Task objective: Don't include any picture when you restate the data word for word.

Data block:

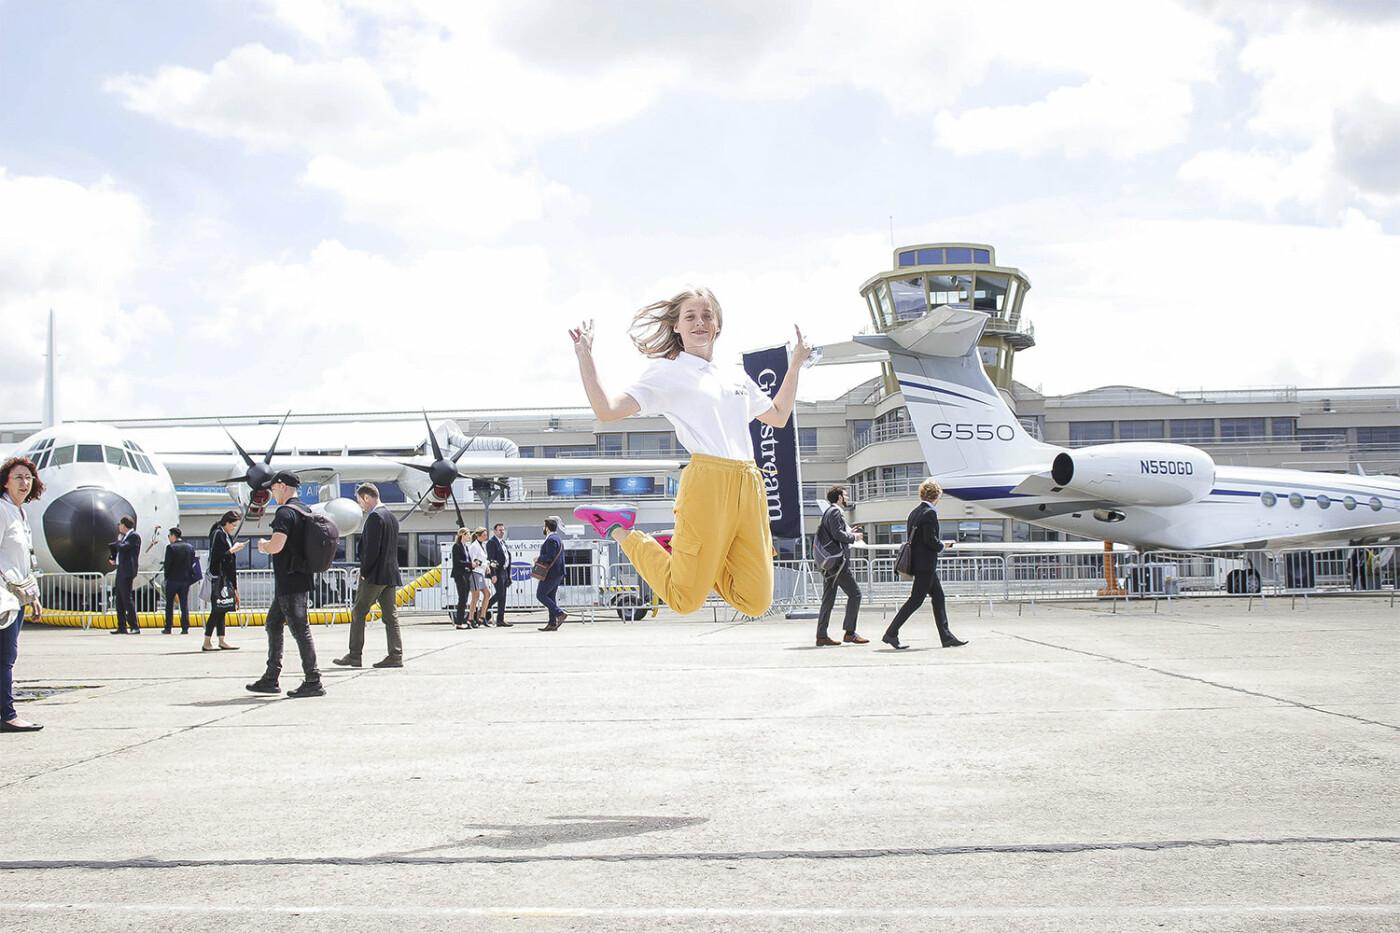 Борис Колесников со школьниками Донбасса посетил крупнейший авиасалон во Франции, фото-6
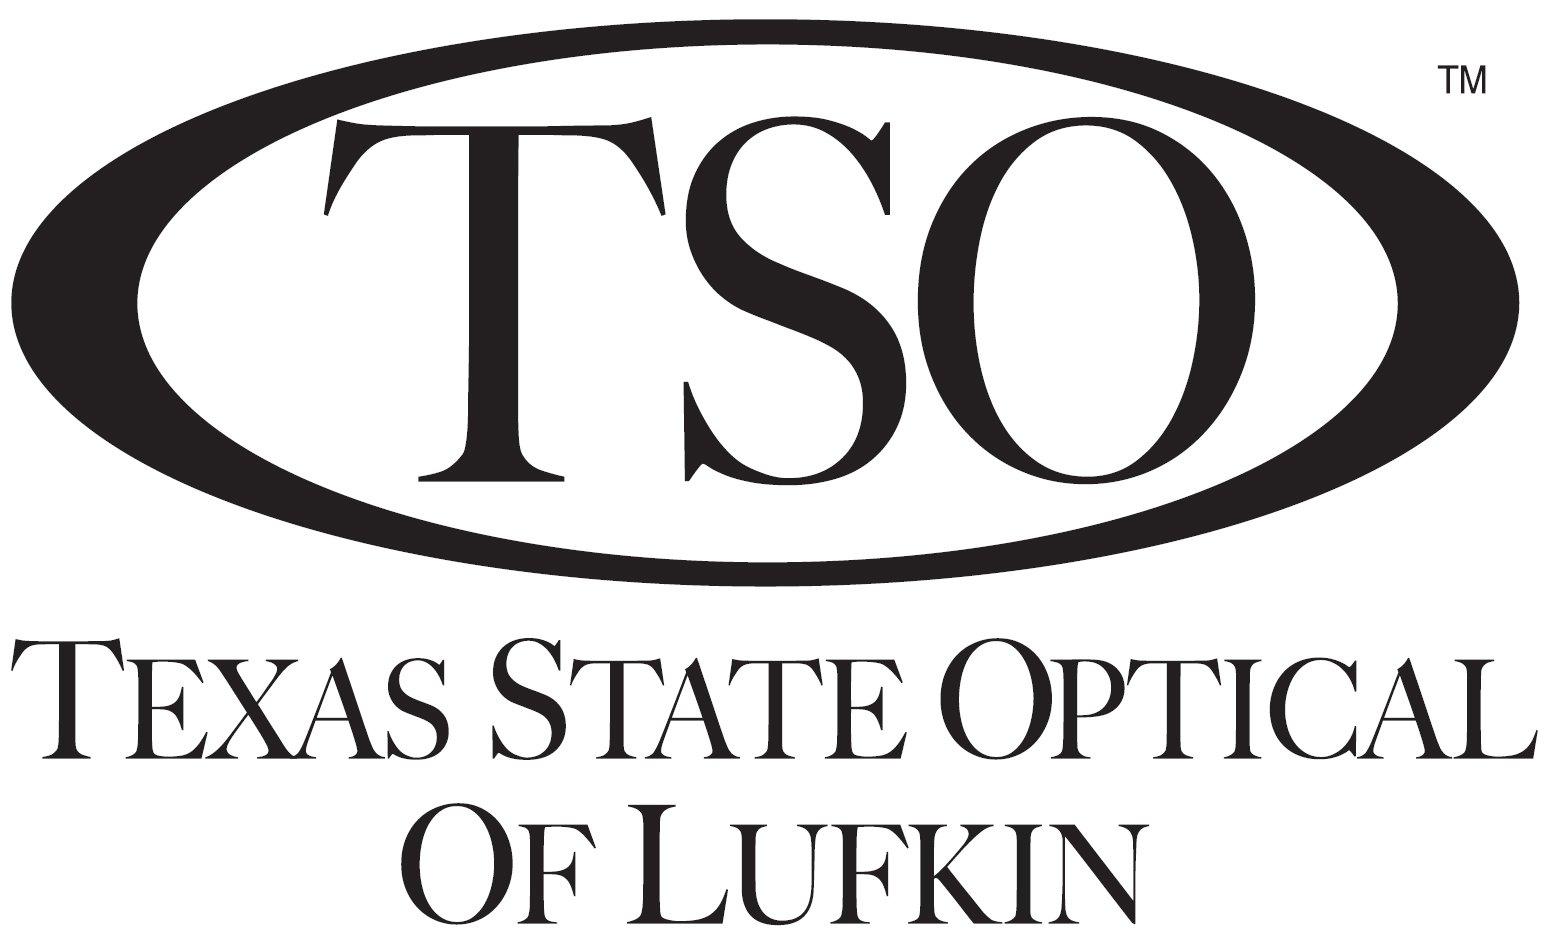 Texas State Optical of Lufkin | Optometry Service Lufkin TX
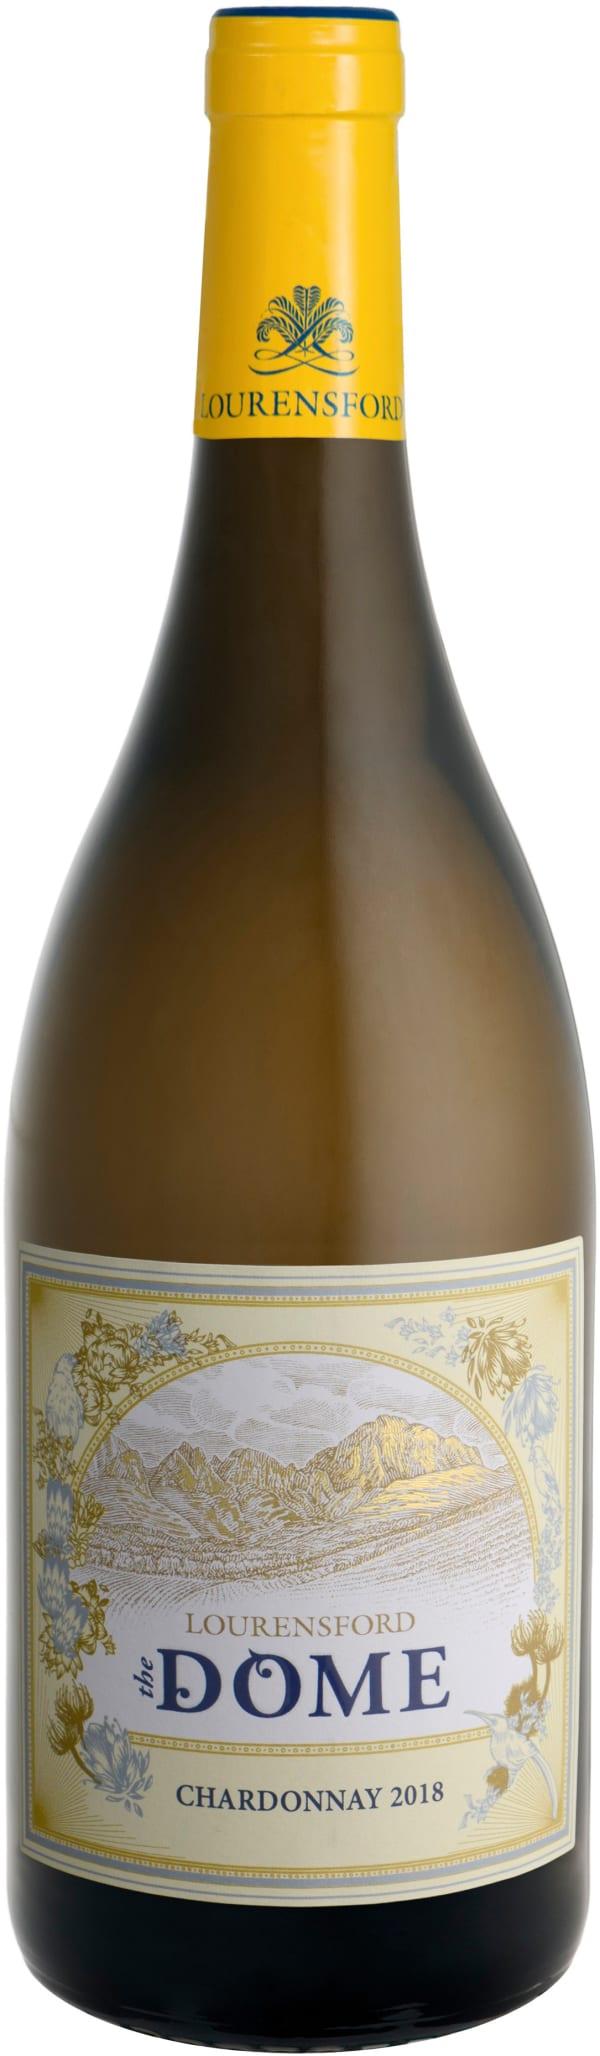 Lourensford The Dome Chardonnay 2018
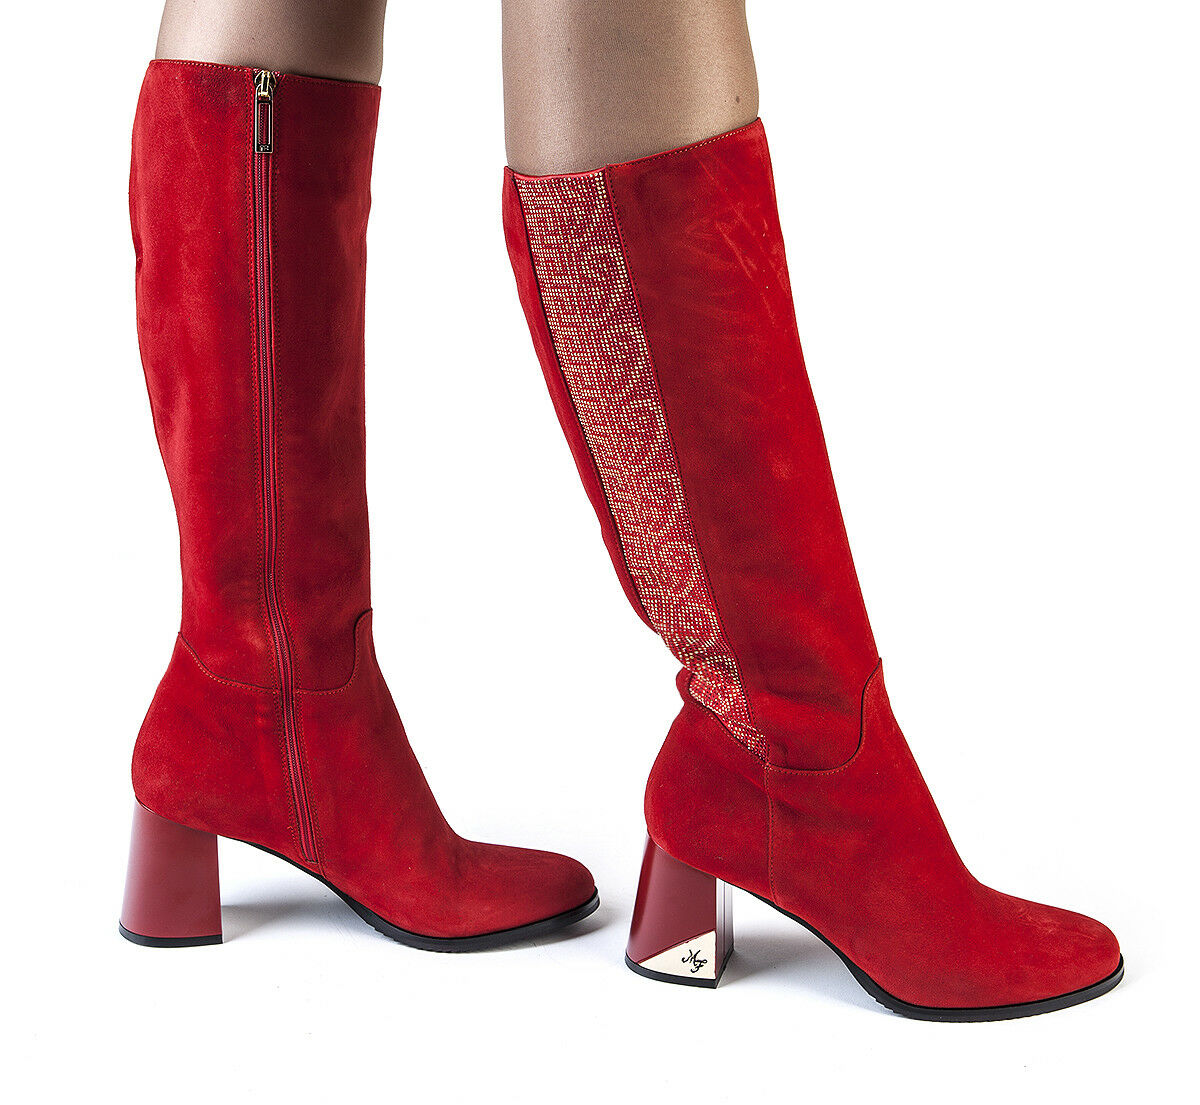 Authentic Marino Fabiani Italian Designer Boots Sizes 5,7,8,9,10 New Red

Task output:
 Борис Колесников со школьниками Донбасса посетил крупнейший авиасалон во Франции, фото-6
 Texas State Optical of Lufkin | Optometry Service Lufkin TX
 Lourensford The Dome Chardonnay 2018
 Authentic Marino Fabiani Italian Designer Boots Sizes 5,7,8,9,10 New Red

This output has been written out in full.